本来であれば活気に満ちた大都市なのだろう。
しかし今は違う。
店は開いている。
行き交う人影もある。
それなのに妙な違和感があった。
「……人、少なくねぇか?」
ニクスがぽつりと呟く。
「避難してるんだと思う」
ミレアが答えた。
「それにしても静かだね」
リシェルが街の奥へ目を向ける。
市民は少ない。
代わりに増えているのは兵士たちだ。
巡回する騎士。
武器を運ぶ補給部隊。
緊張した面持ちの警備兵。
王都でありながら、まるで巨大な前線基地だった。
三人はそのまま街を抜けていく。
やがて巨大な城壁と門が見えてきた。
王都の外へ続く出入口。
厳重な警備が敷かれている。
「止まれ。
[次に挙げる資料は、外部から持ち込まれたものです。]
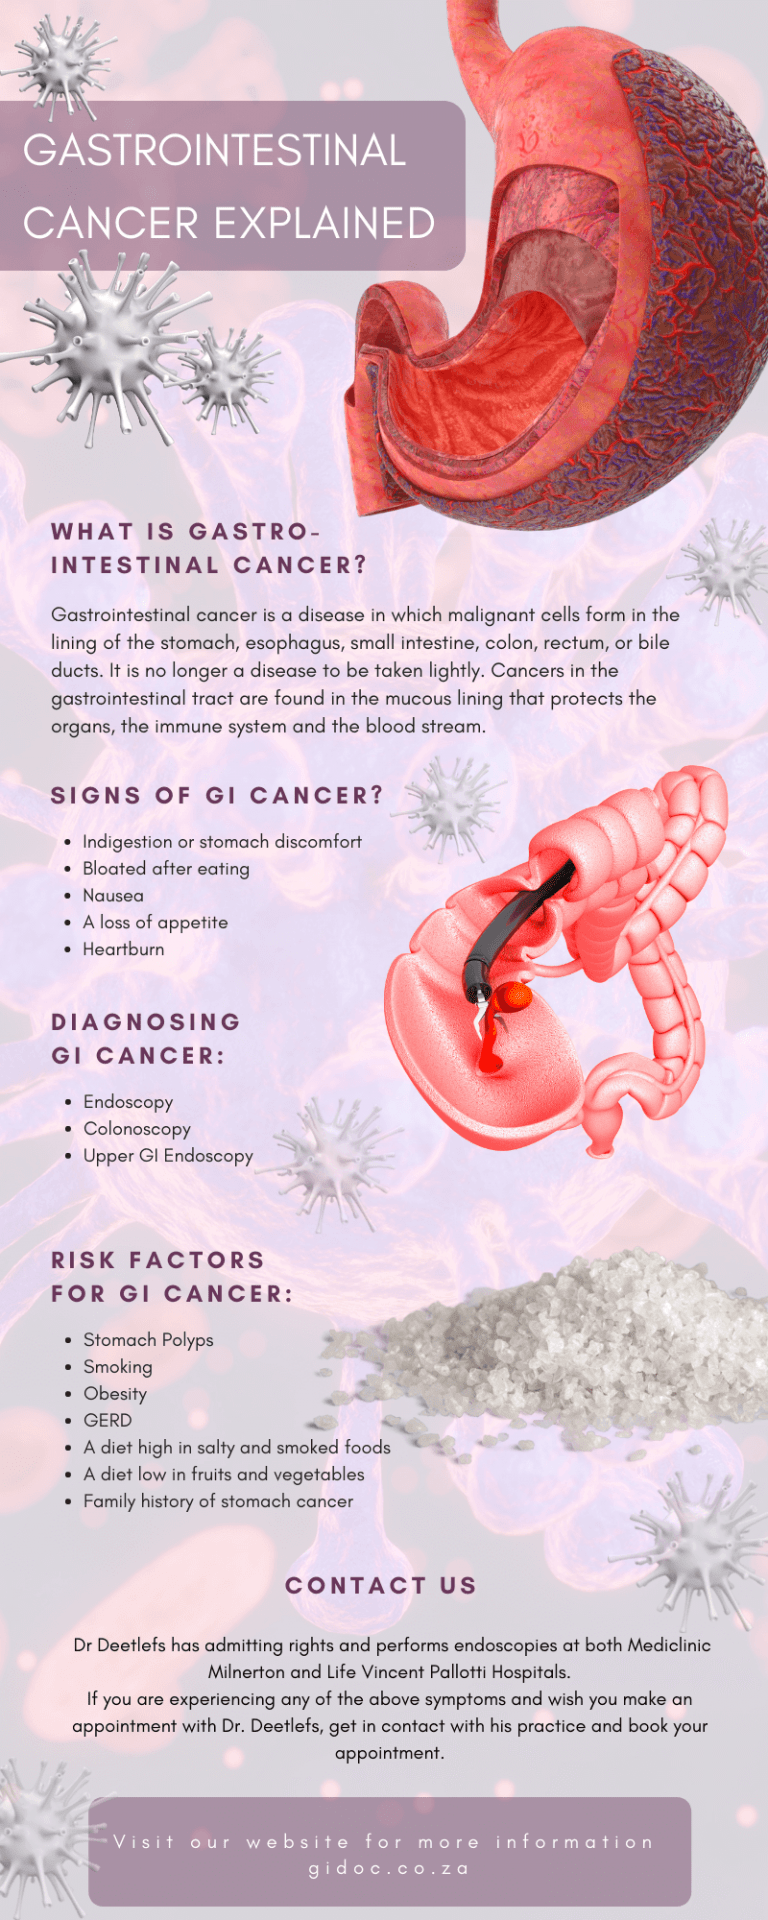 Gastrointestinal Cancer Infographic 768x1920

通行許可証を」
門兵が槍を構える。
ニクスは依頼書を差し出した。
「学園から来た任務班です」
兵士は内容を確認すると表情を険しくしたまま頷く。
「……そうか」
短く息を吐く。
「気を付けろ」
その言葉には重みがあった。
「外はもう安全じゃない」
「了解」
門がゆっくりと開かれる。
三人は王都の外へ足を踏み出した。
途端に空気が変わる。
人の気配が遠ざかる。
石畳は土の道へ変わり、吹き抜ける風だけが耳に届いた。
しばらく進むと、目的地が見えてくる。
深い森だった。
鬱蒼と生い茂る木々。
昼間だというのに奥は薄暗く、どこか不気味な静けさを湛えている。
「……ここか」
ニクスが足を止めた。
依頼書と見比べる。
「捜索範囲、思ったより広いな」
「……嫌な感じがする」
ミレアが小さく呟いた。
根拠はない。
だが胸騒ぎがする。
リシェルは森の奥を見据えていた。
その瞳が僅かに細められる。
杖を握る手にも自然と力が入った。
風が吹く。
木々がざわりと揺れる。
まるで森そのものが侵入者を拒んでいるかのようだった。
そんな空気を振り払うように、ニクスは拳を握る。
ゴキリ、と小気味よい音が鳴った。
そして口元を吊り上げる。
「行くか」
その一言を合図に。
三人は森の中へ踏み込んだ。
光の届かない深い緑の中へ。
その先に何が待っているのか。
まだ誰も知らない。
ただ一つ確かなことは――
そこが安全だという保証は、どこにもなかった。